--- Data section Enclosed Below ---

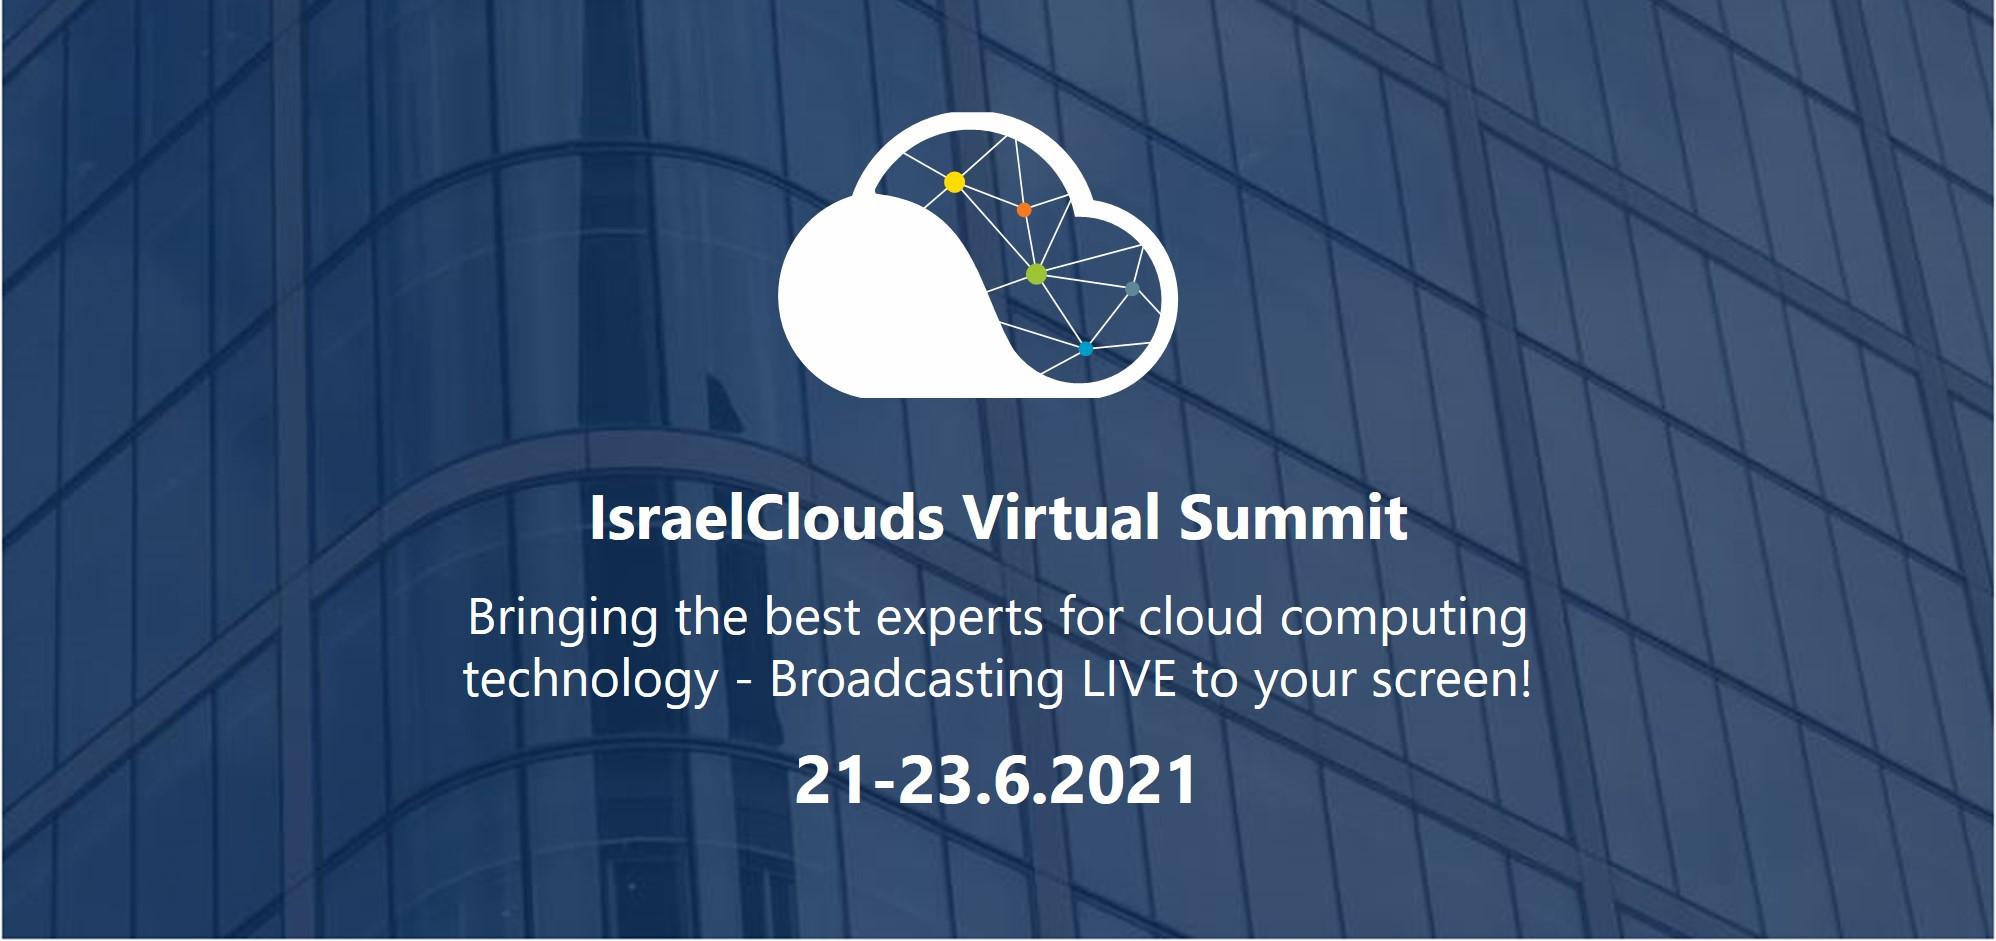 IsraelClouds Virtual Summit
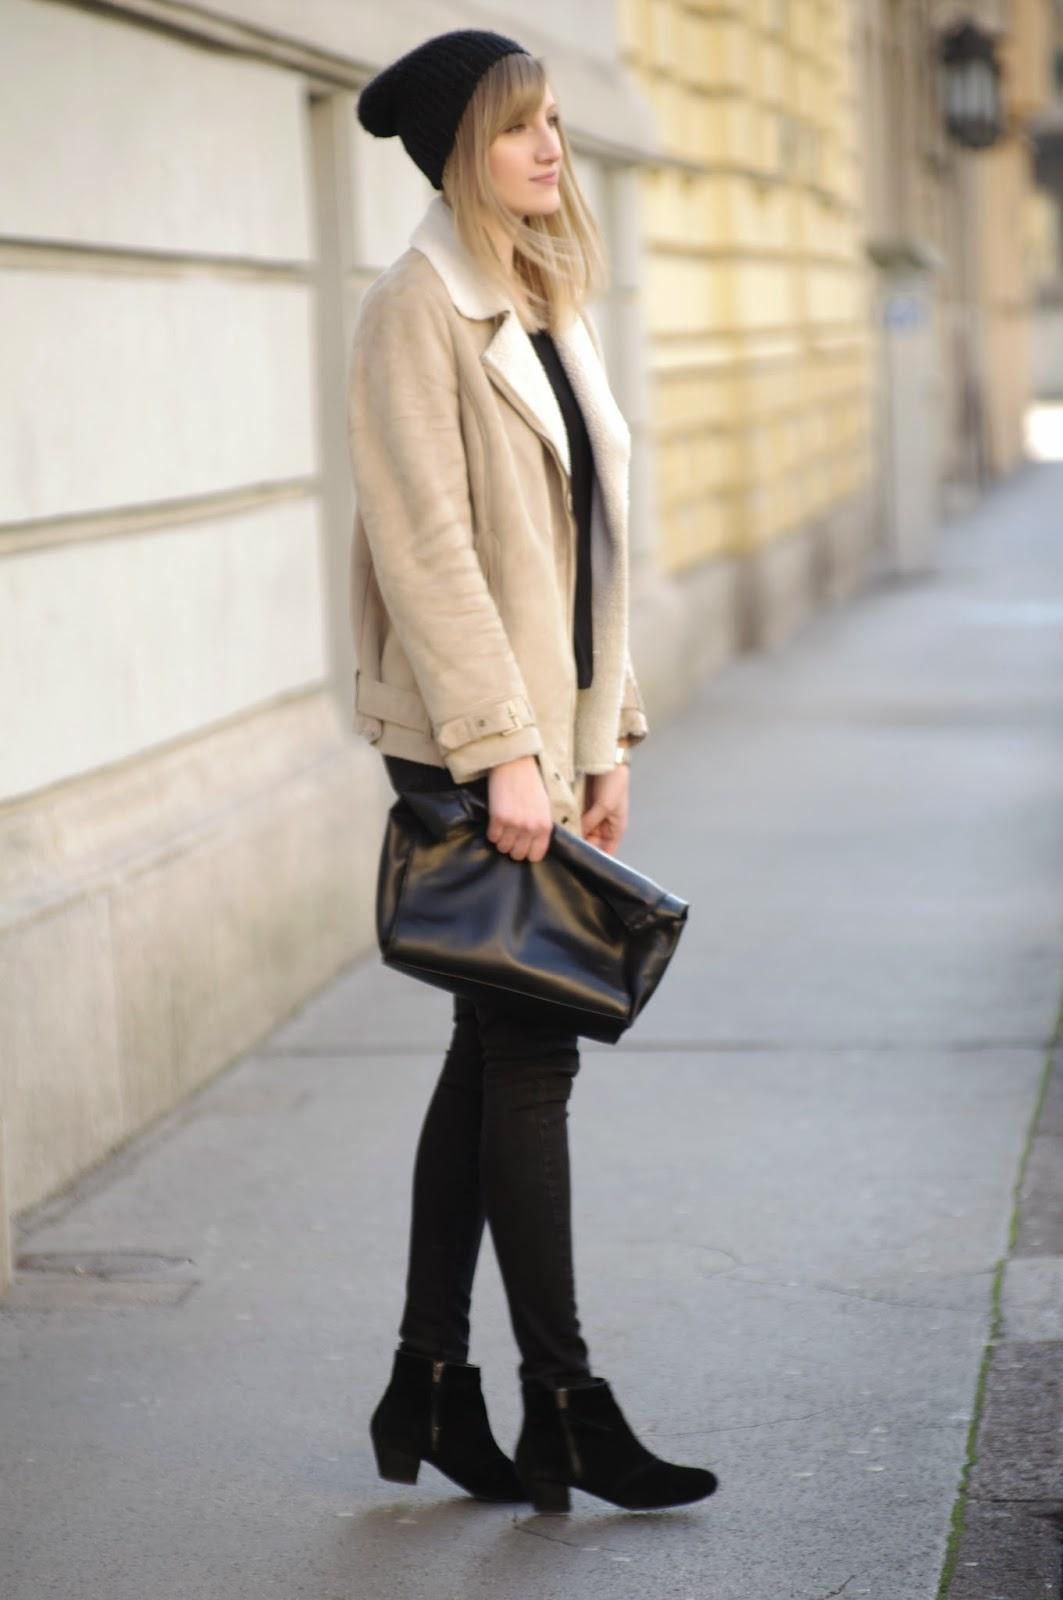 beige wool jacket H&M, acne sheinside beige sheep jacket, black zara denim, black suede boots promod, black beanie outfit, style blog blogger, fashion blogger, ootd
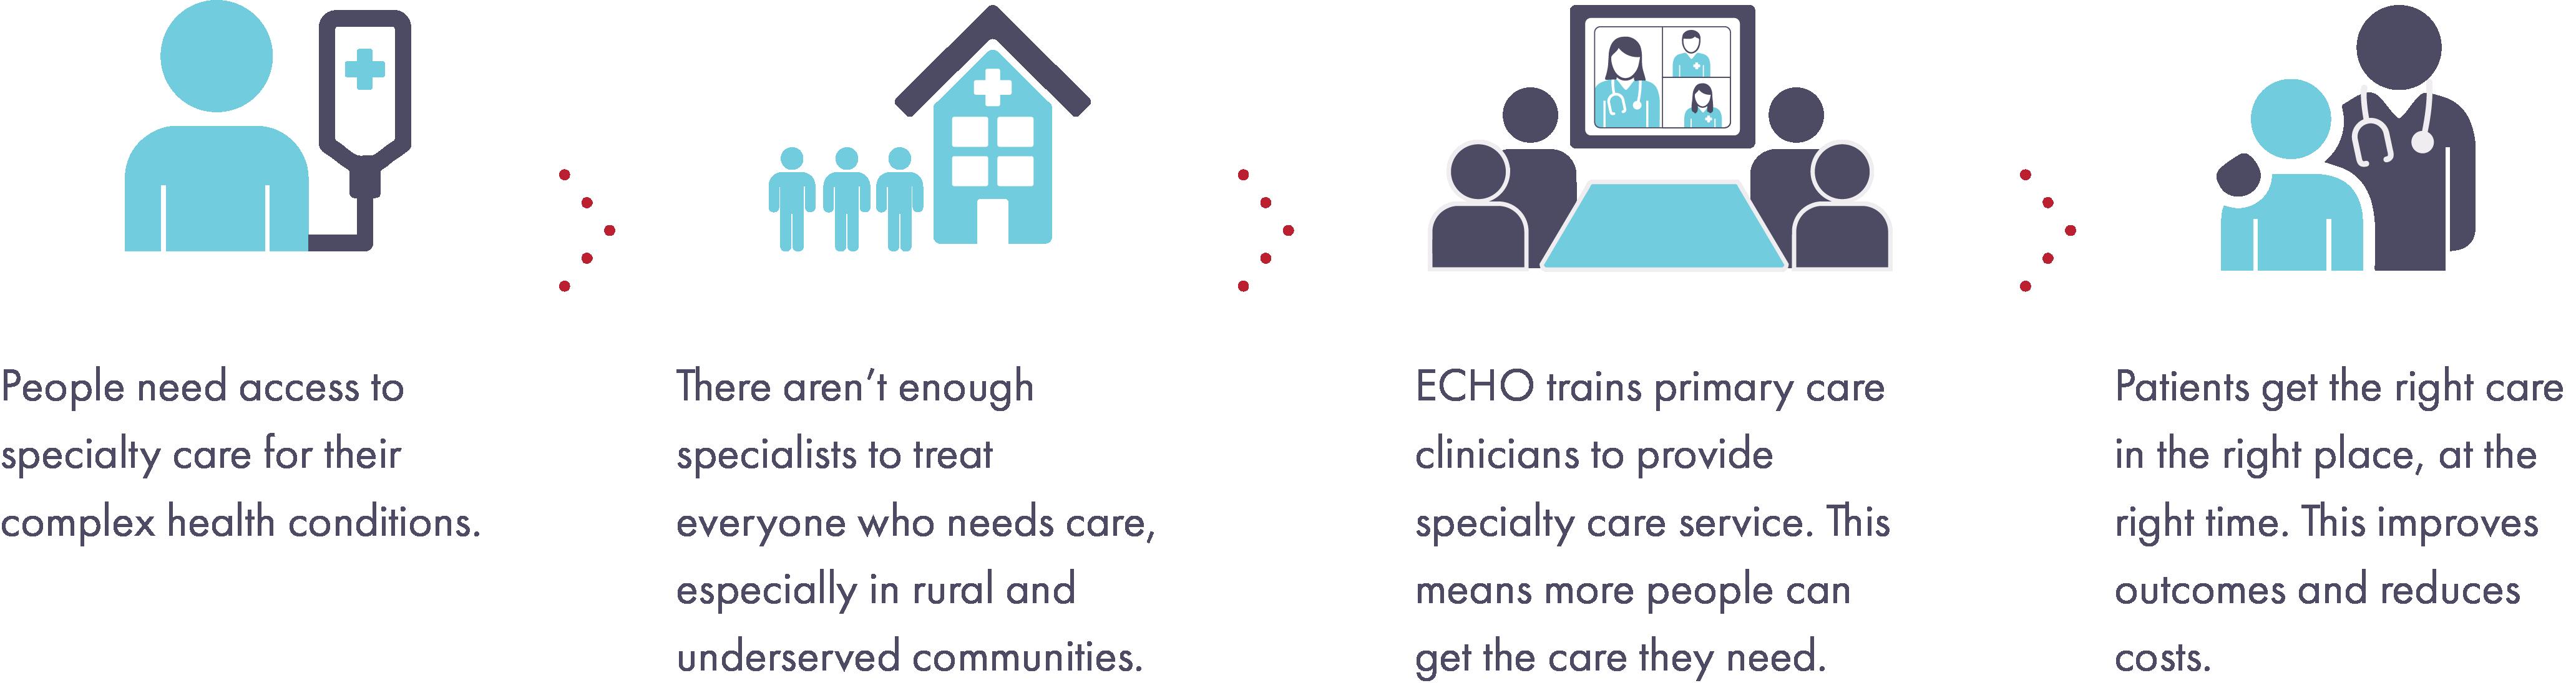 ECHO model illustration

--- End of Enclosed Data section ---

# Activity
A word-for-word reprint of the listing above is needed, minus the pictures.

# Task result
 IsraelClouds Virtual Summit
 beige wool jacket H&M, acne sheinside beige sheep jacket, black zara denim, black suede boots promod, black beanie outfit, style blog blogger, fashion blogger, ootd
 ECHO model illustration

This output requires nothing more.